Cells were prepared for flow cytometry in one of two ways. The first was using a Histopaque gradient to isolate a PBMC fraction and a neutrophil fraction as described earlier and the second method used a red blood cell (RBC) lysing solution (Biolegend 420301) using the manufacturers protocol to give the white cell fraction. The white cell pellet was re-suspended in 500 µL PBS along with the PBMC and neutrophils from the Histopaque isolation, on the BD LSR II flow cytometer. Voltages for the forward scatter (FSC) and side scatter (SSC) were adjusted until distinct population of cells were visible on the plot. A low flow rate was used to analyse the samples over a 4 minute time period. This procedure was conducted on blood samples prepared at 1 and 24 hours post collection.

Glucose monitoring of whole blood

Blood was collected from healthy donors in sodium heparin tubes. Glucose levels were monitored using Accu-Chek Performa Nano (Roche).
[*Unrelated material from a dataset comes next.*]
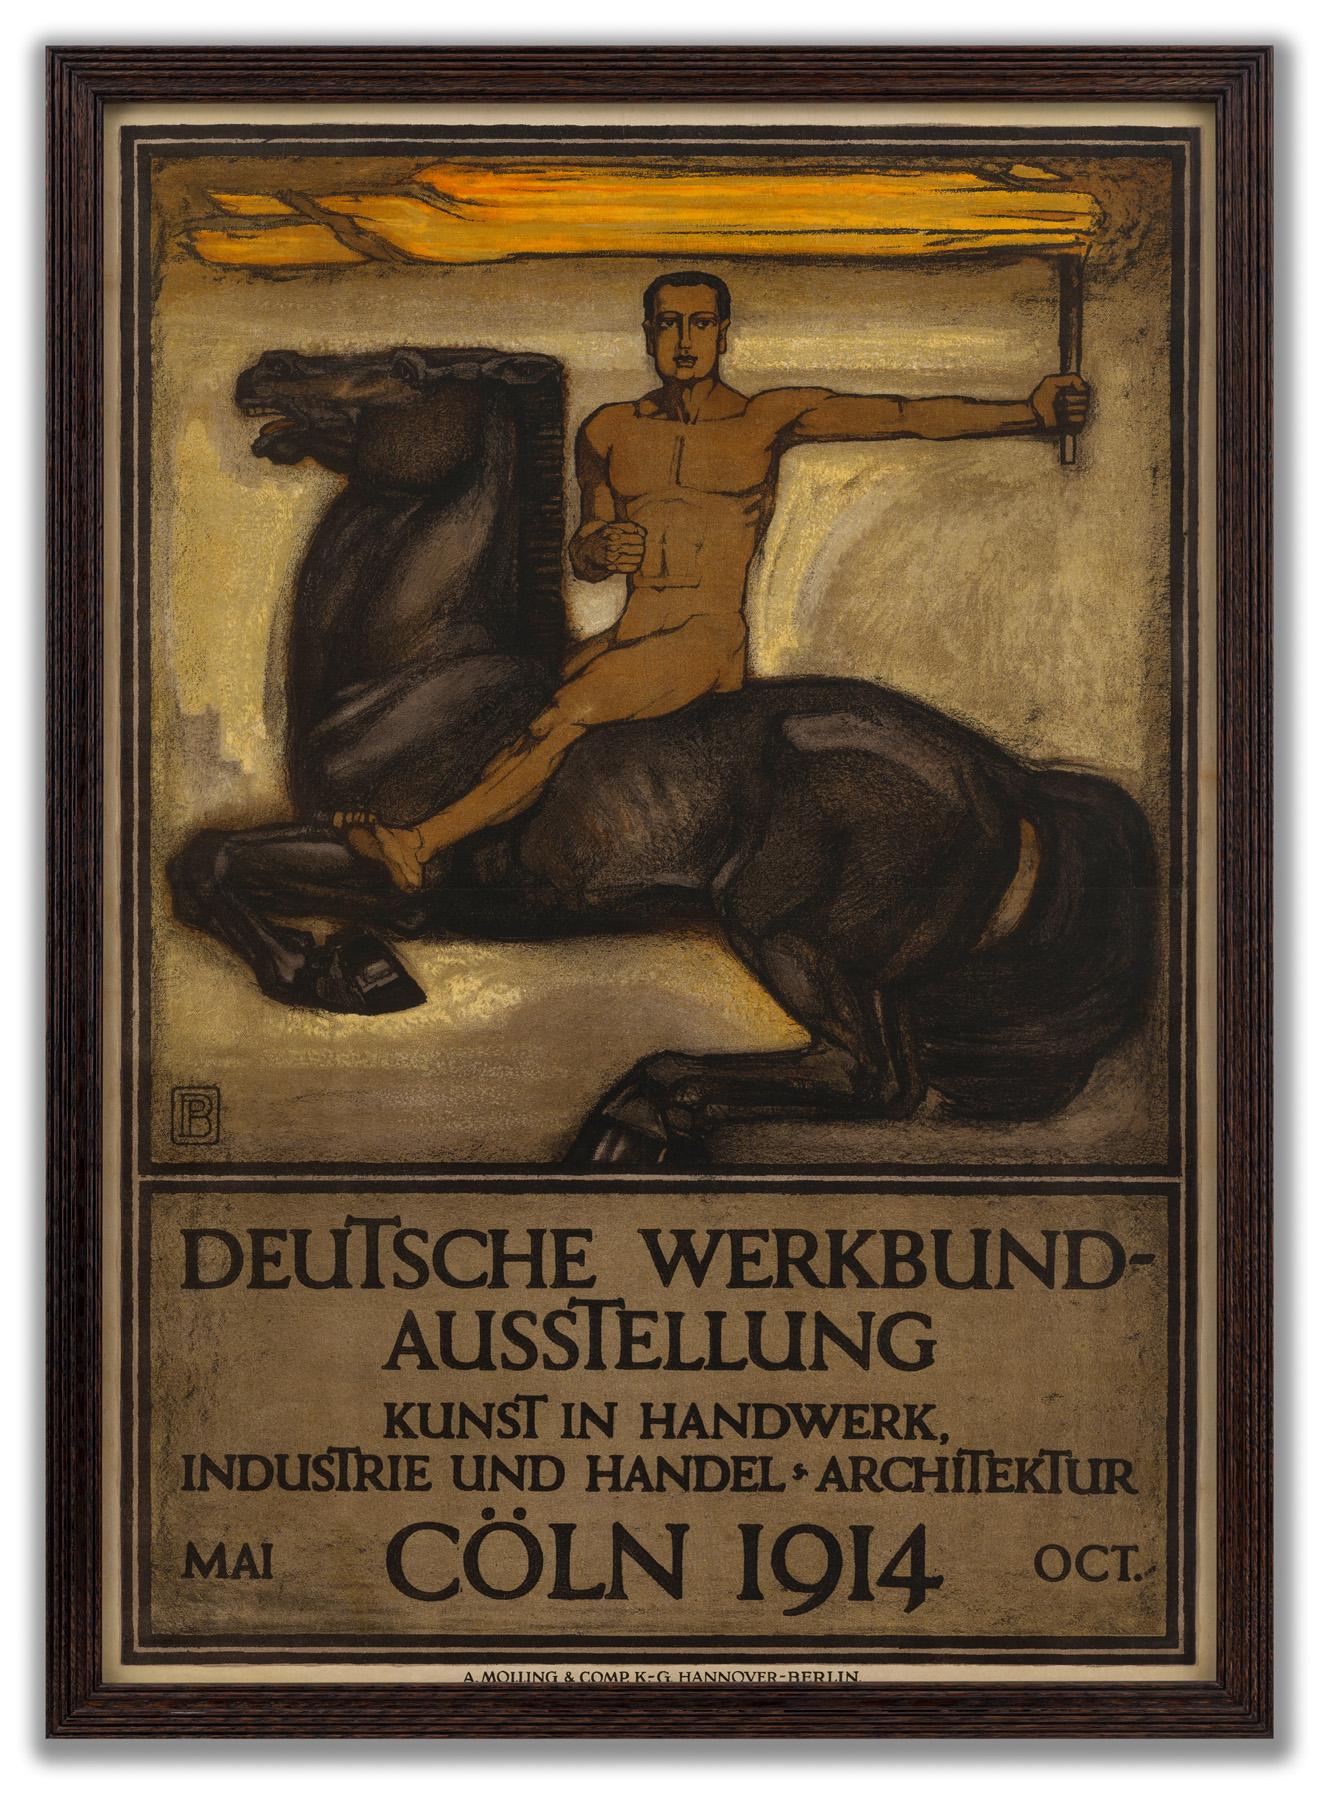 Deutsche Werkbund-Ausstellung (German Workers Union Exhibition Art)

First reading was within 15 minutes of donation. Vaccutainers where kept at room temperature for the duration of the experiment and periodically gently inverted.

Statistics

Assays were performed according to the 2016 Acumen protocol in both neutrophils, as stated in the protocol, and PBMCs obtained from 10 CFS/ME patients and 13 control subjects. Statistics were calculated using un-paired Welch’s t-tests after testing for normality. For comparisons between cells isolated immediately after blood collection and 24 hours later, paired t-tests were used.